Record set ▸
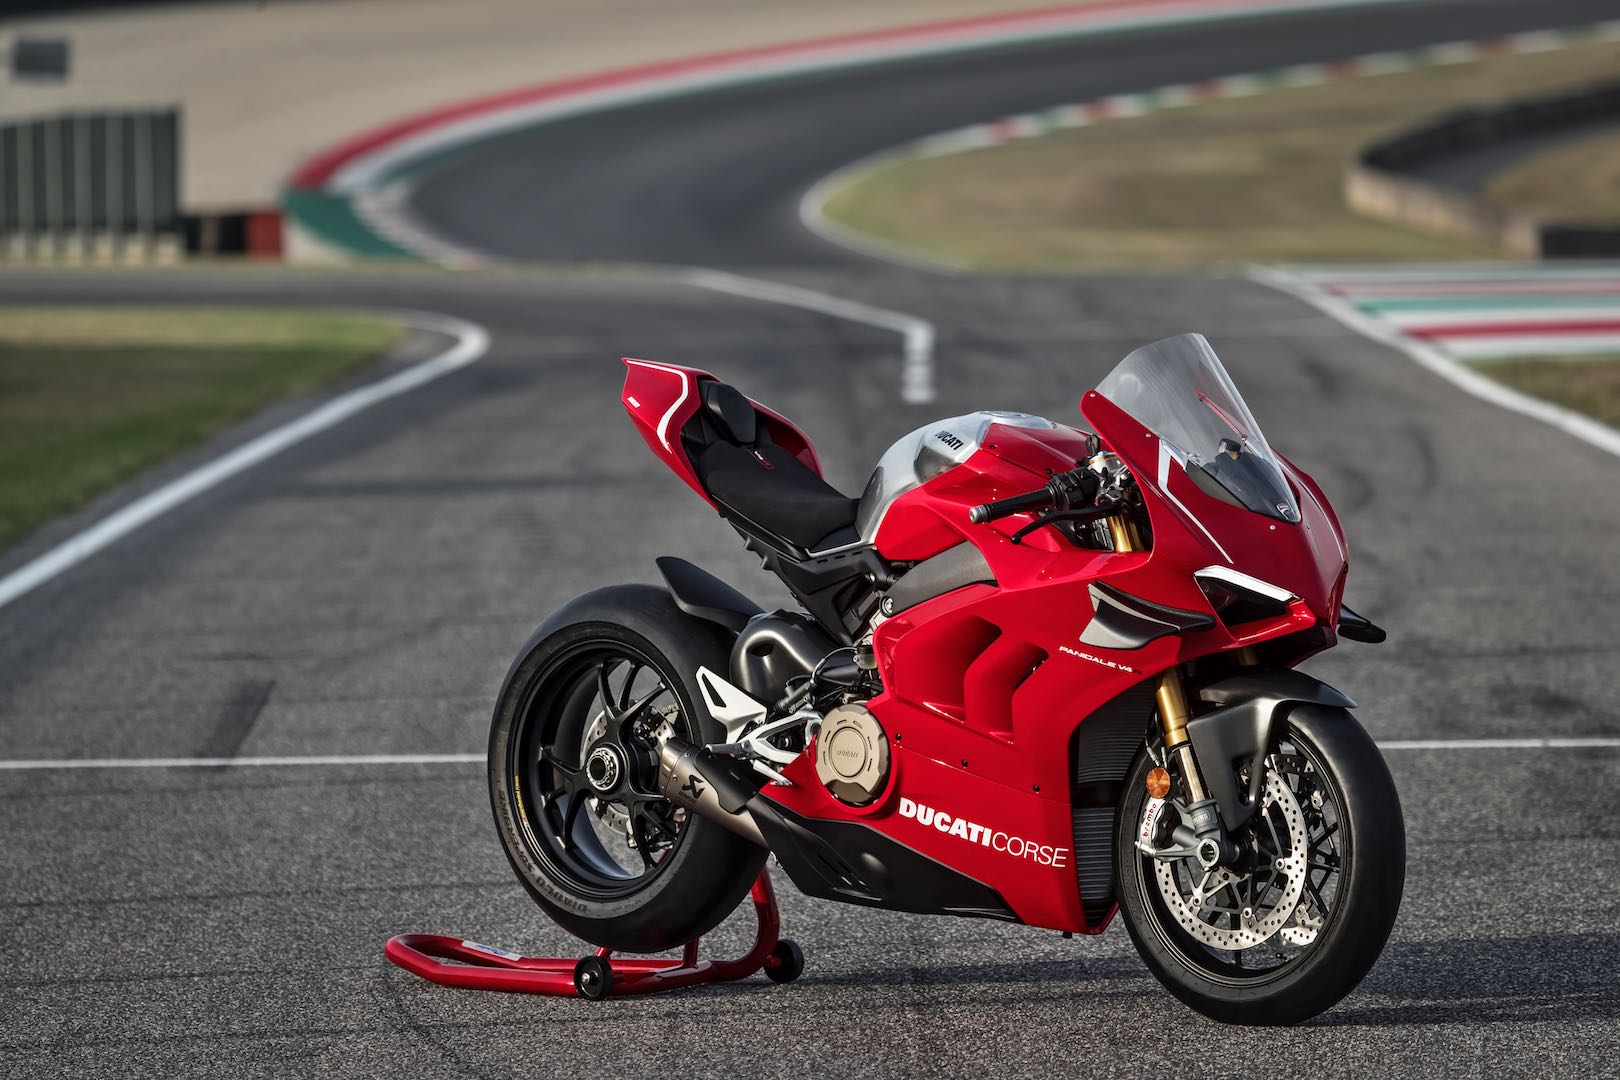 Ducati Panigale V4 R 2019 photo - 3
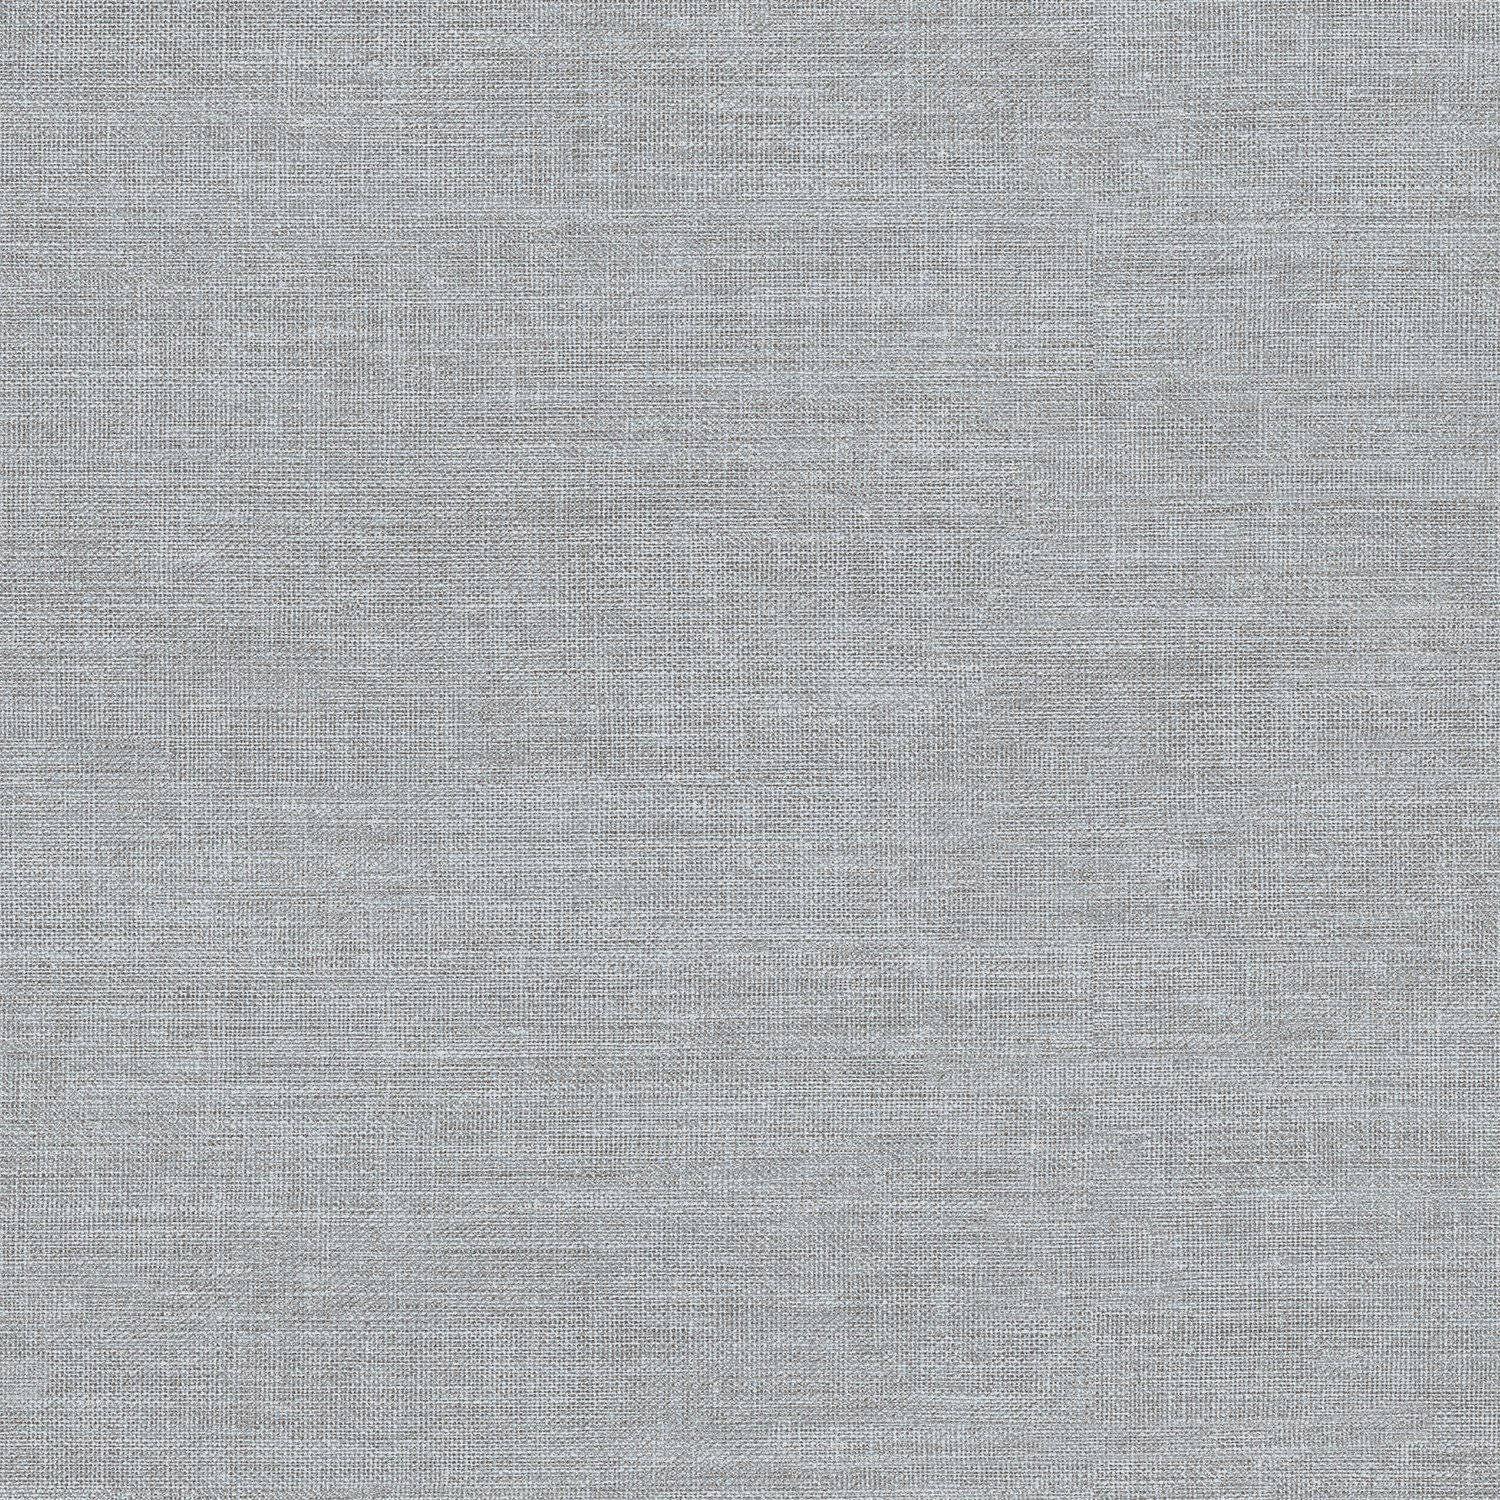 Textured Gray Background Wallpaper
...
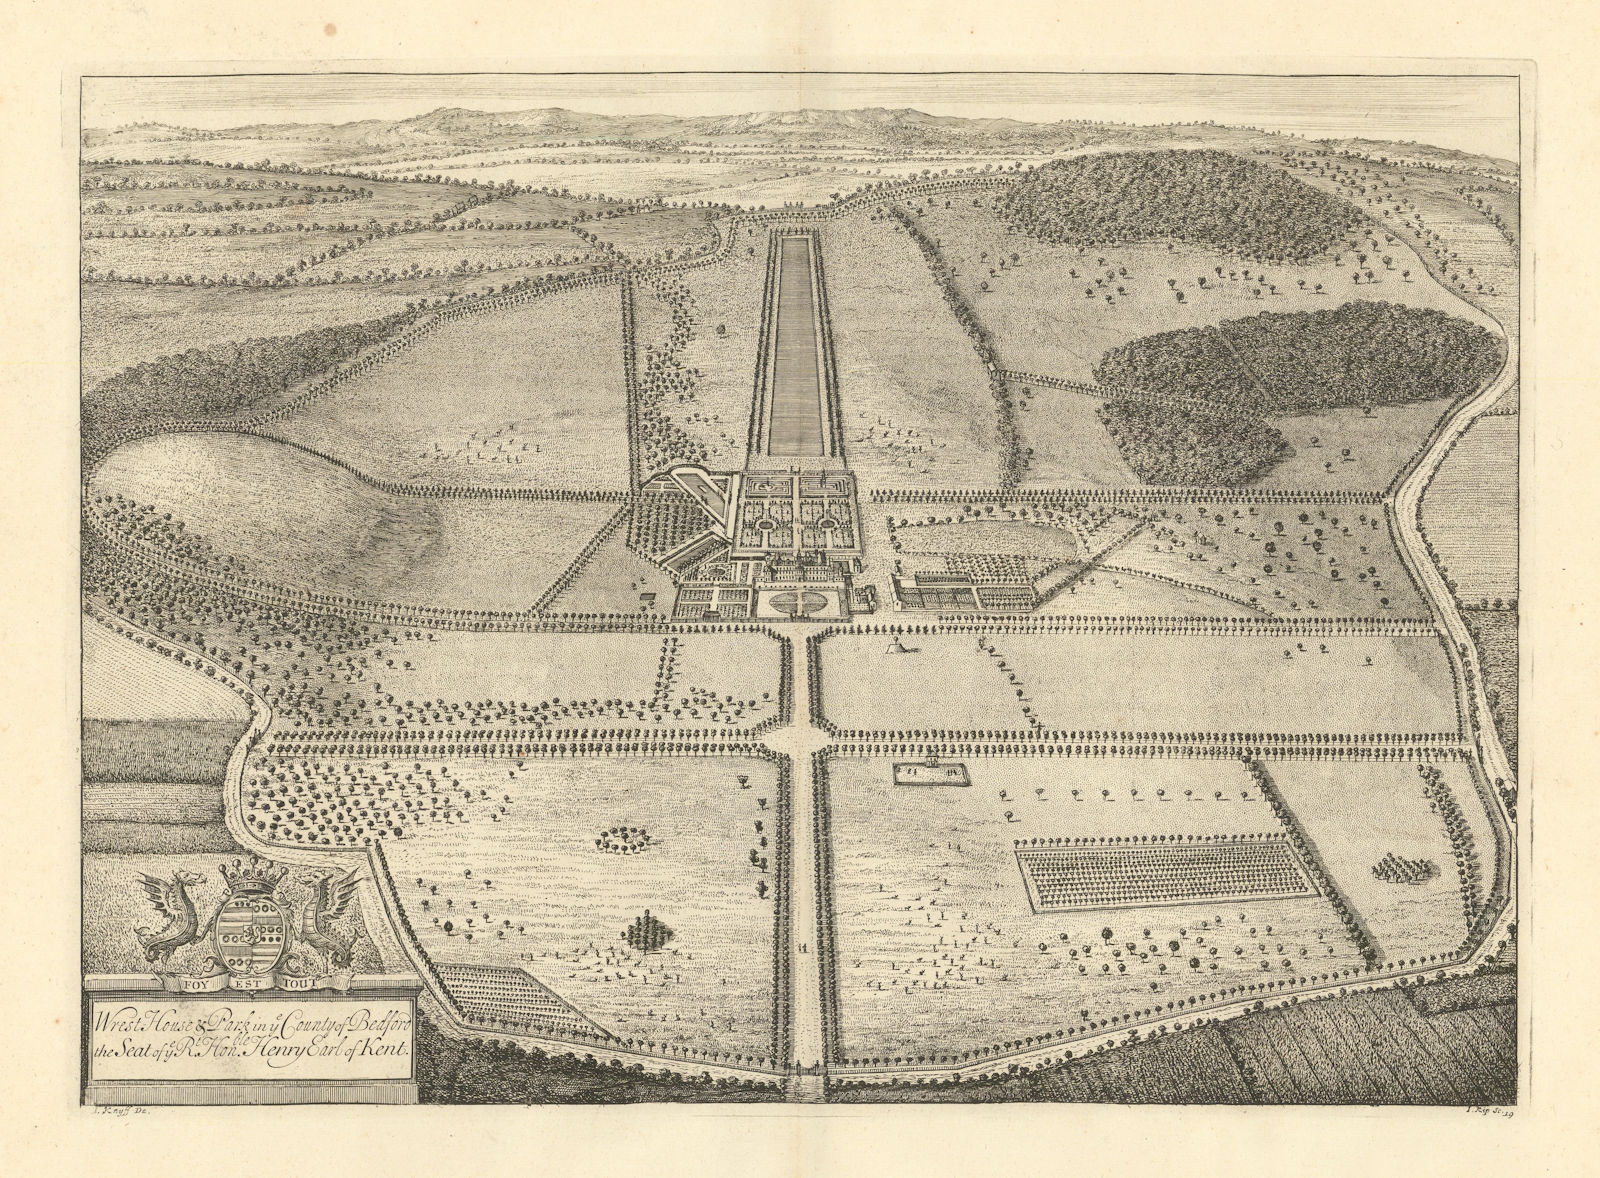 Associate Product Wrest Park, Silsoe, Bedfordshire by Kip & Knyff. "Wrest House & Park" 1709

Your objective ▸ Take the material above from the line bearing "Ducati Panigale V4 R 2019 photo - 3" through the line bearing "Textured Gray Background Wallpaper" and write it out exactly, both end lines included. Pictures stay out.

Worked solution ▸
 Ducati Panigale V4 R 2019 photo - 3
 Textured Gray Background Wallpaper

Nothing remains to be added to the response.